GOAL OF THE EXERCISE » What's wanted is each entry repeated verbatim, minus its images.

:: EXERCISE DATA

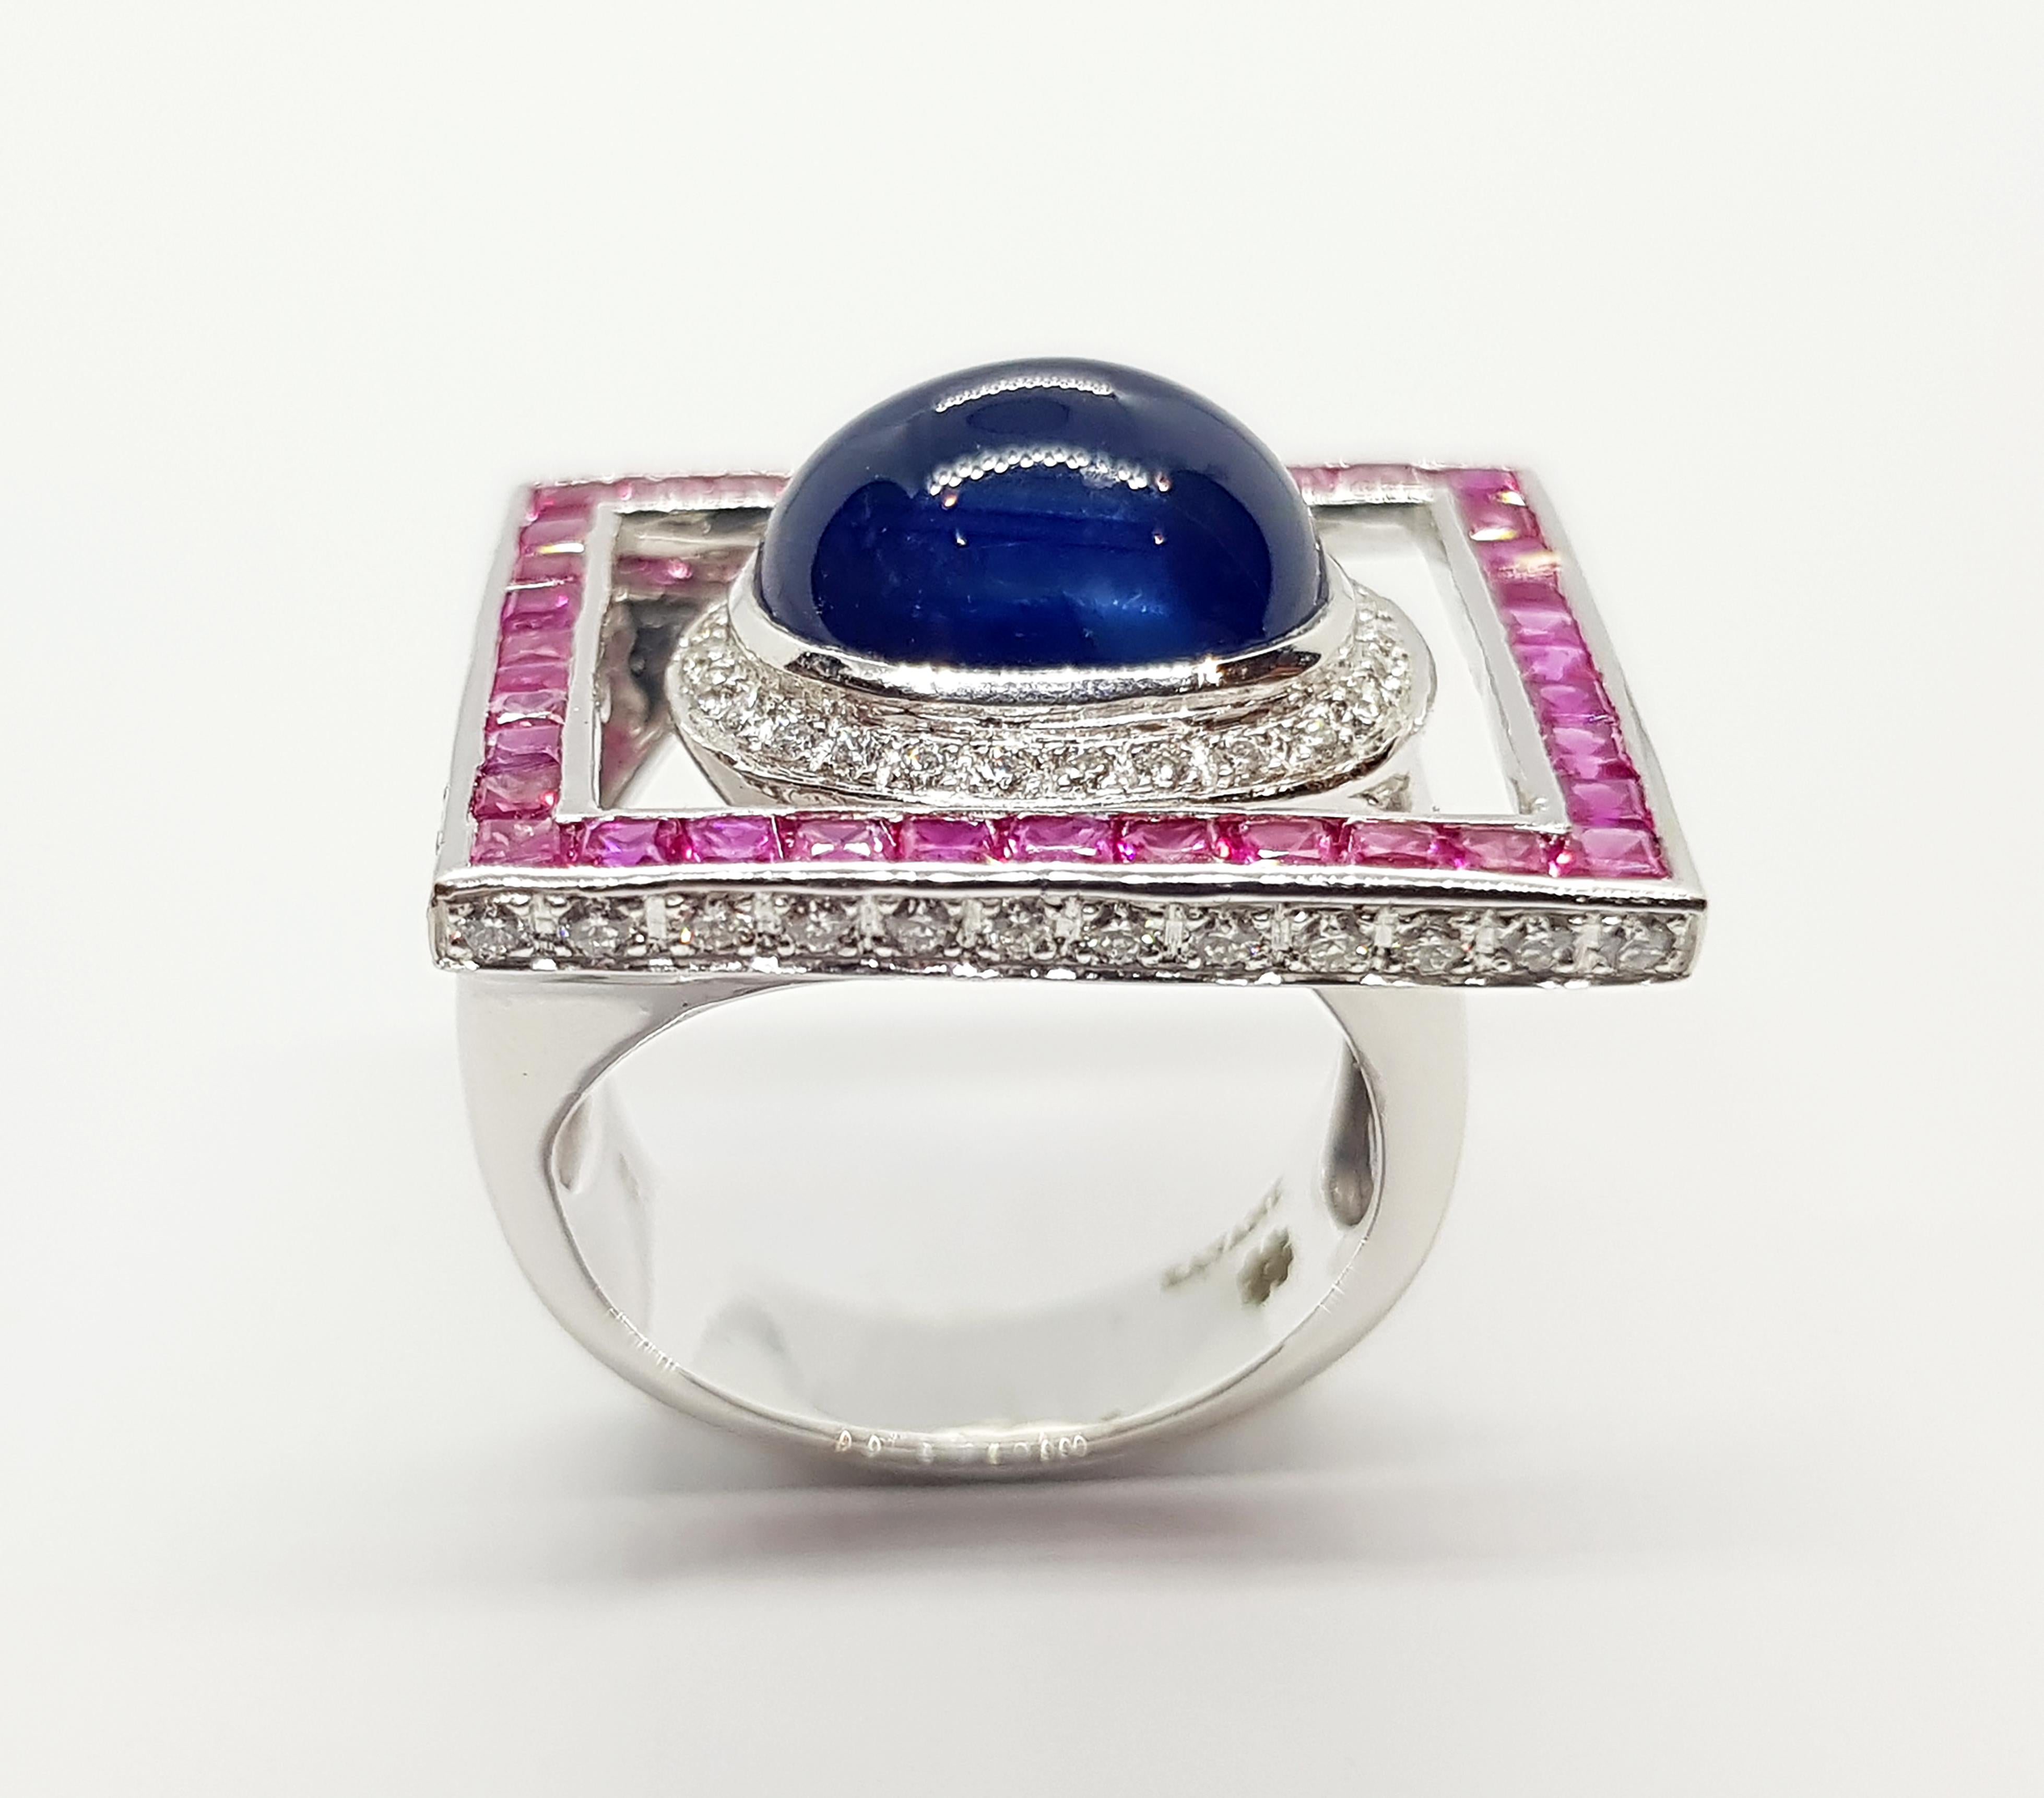 Cabochon Blue Sapphire 7.14 carats with Ruby 2.20 carats and Diamond 0.69 carat Ring set in 18 Karat White Gold Settings

Width:  2.4 cm 
Length: 2.0 cm
Ring Size: 53
Total Weight: 14.65 grams

::::

EXERCISE SOLUTION »
 Cabochon Blue Sapphire 7.14 carats with Ruby 2.20 carats and Diamond 0.69 carat Ring set in 18 Karat White Gold Settings

Width:  2.4 cm 
Length: 2.0 cm
Ring Size: 53
Total Weight: 14.65 grams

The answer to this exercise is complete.